Start of GIVEN INFORMATION

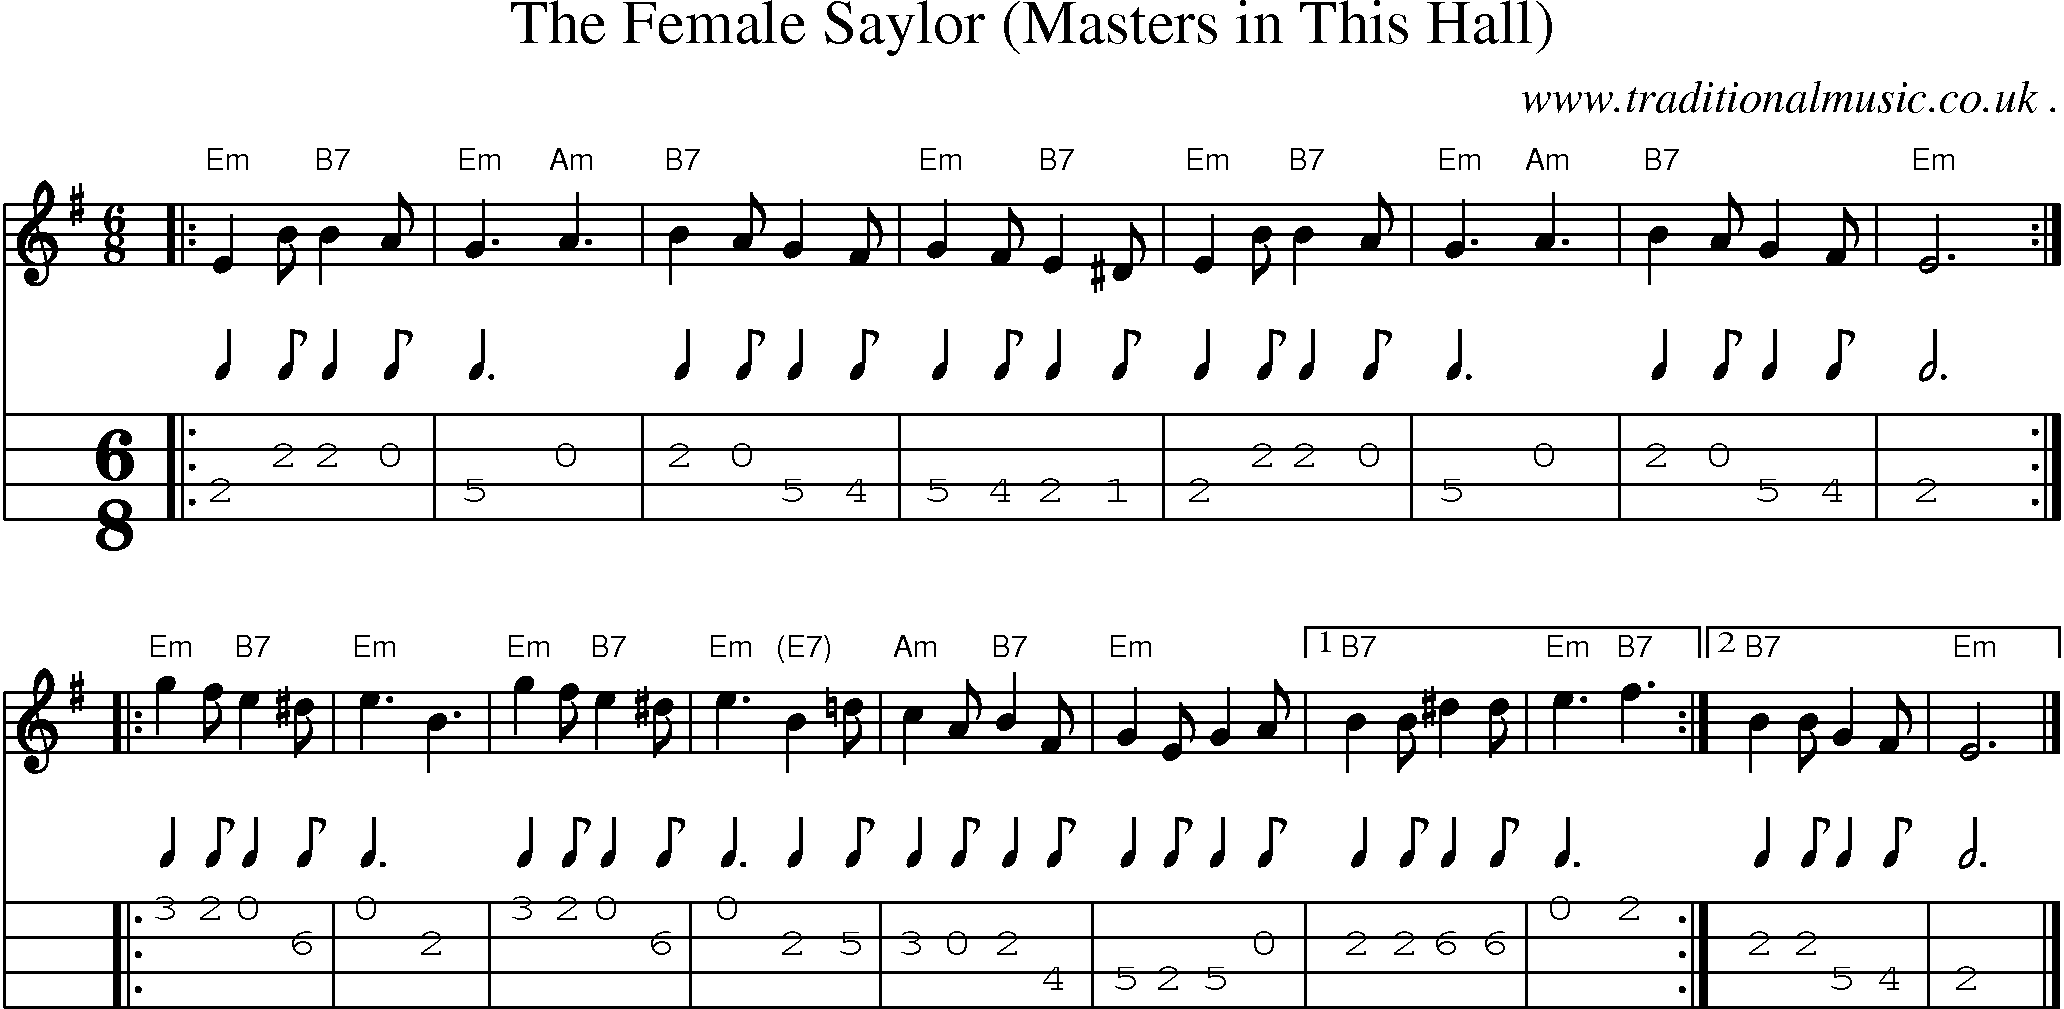 Sheet-music  score, Chords and Mandolin Tabs for The Female Saylor Masters In This Hall
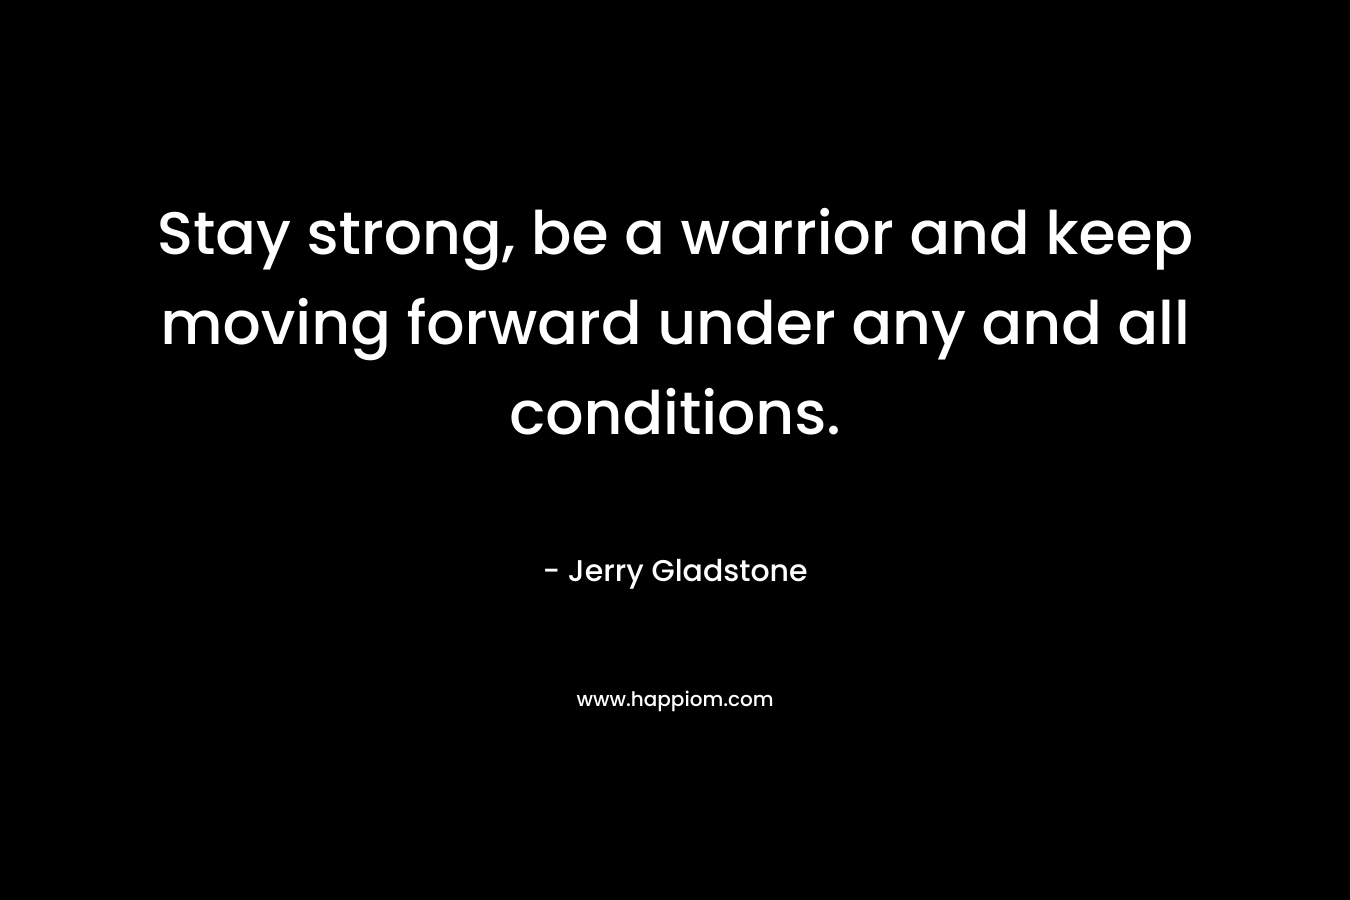 Stay strong, be a warrior and keep moving forward under any and all conditions.
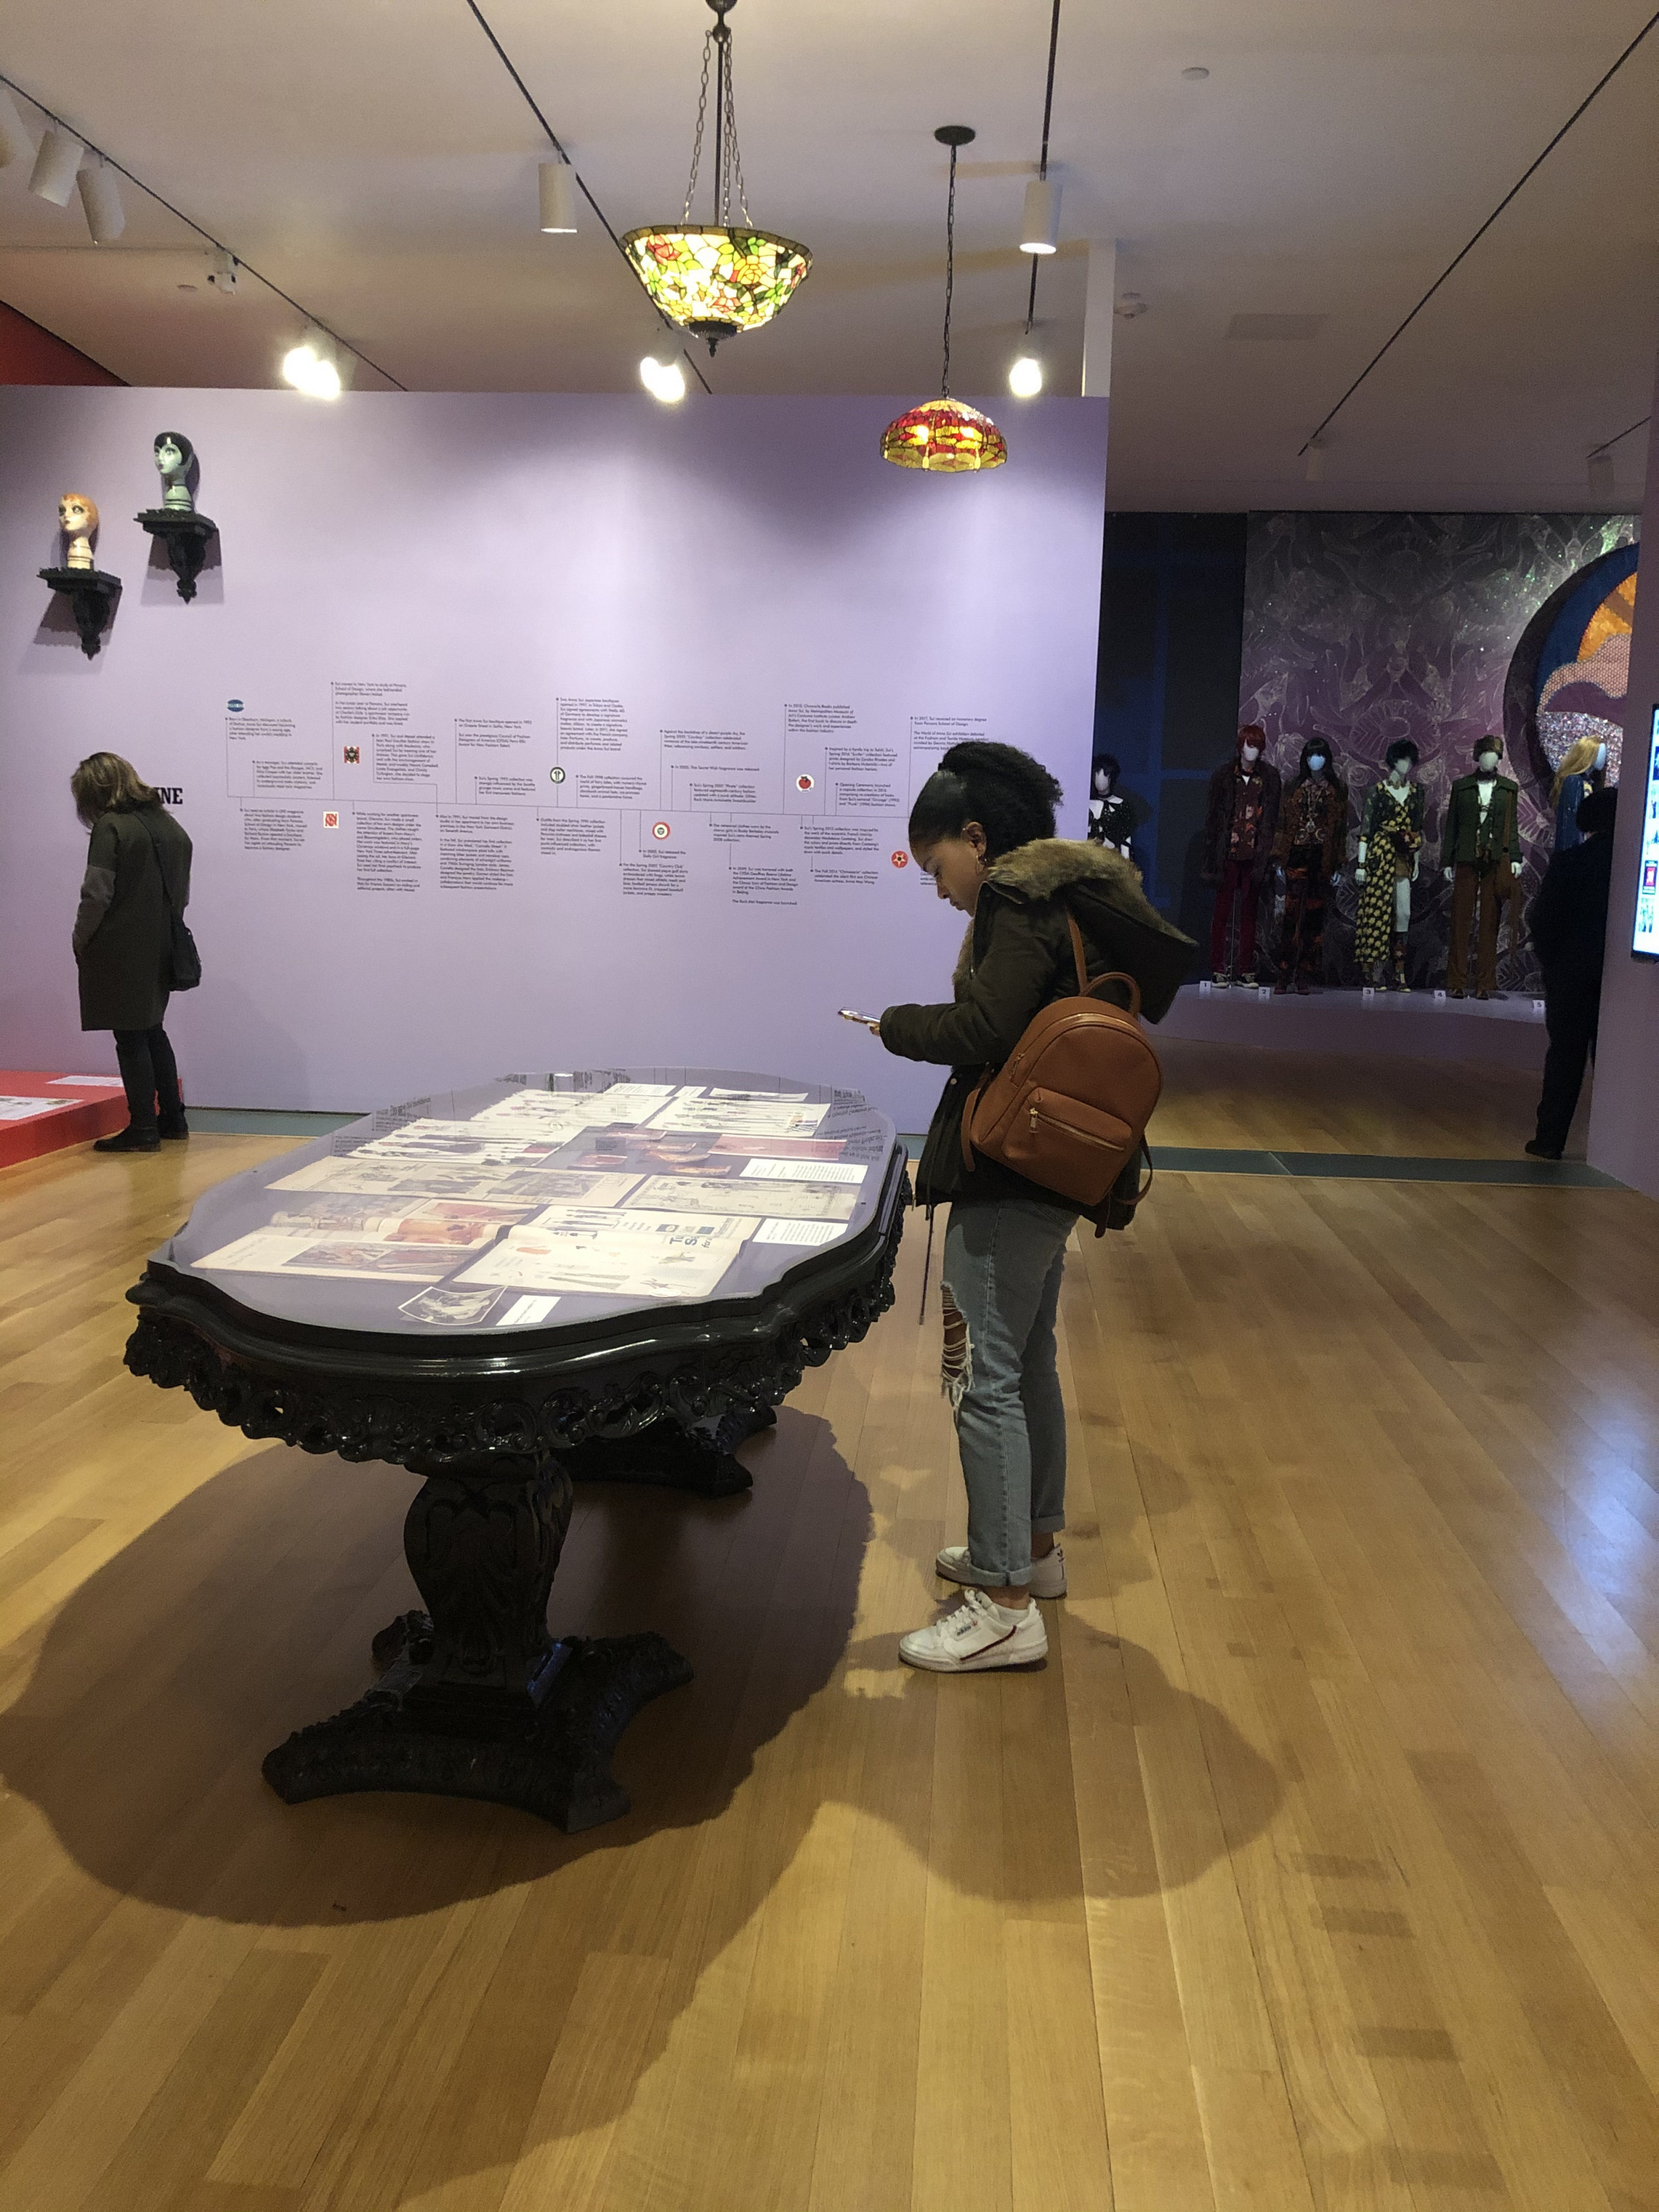 Students enrolled in the Business of Fashion visited the exhibition The World of Anna Sui at the Museum of Arts and Design (MAD)

End of GIVEN INFORMATION

Word for word and without any pictures, return all of the lines above.

> WRITTEN RESPONSE:
 Sheet-music  score, Chords and Mandolin Tabs for The Female Saylor Masters In This Hall
 Stay strong, be a warrior and keep moving forward under any and all conditions.
 Students enrolled in the Business of Fashion visited the exhibition The World of Anna Sui at the Museum of Arts and Design (MAD)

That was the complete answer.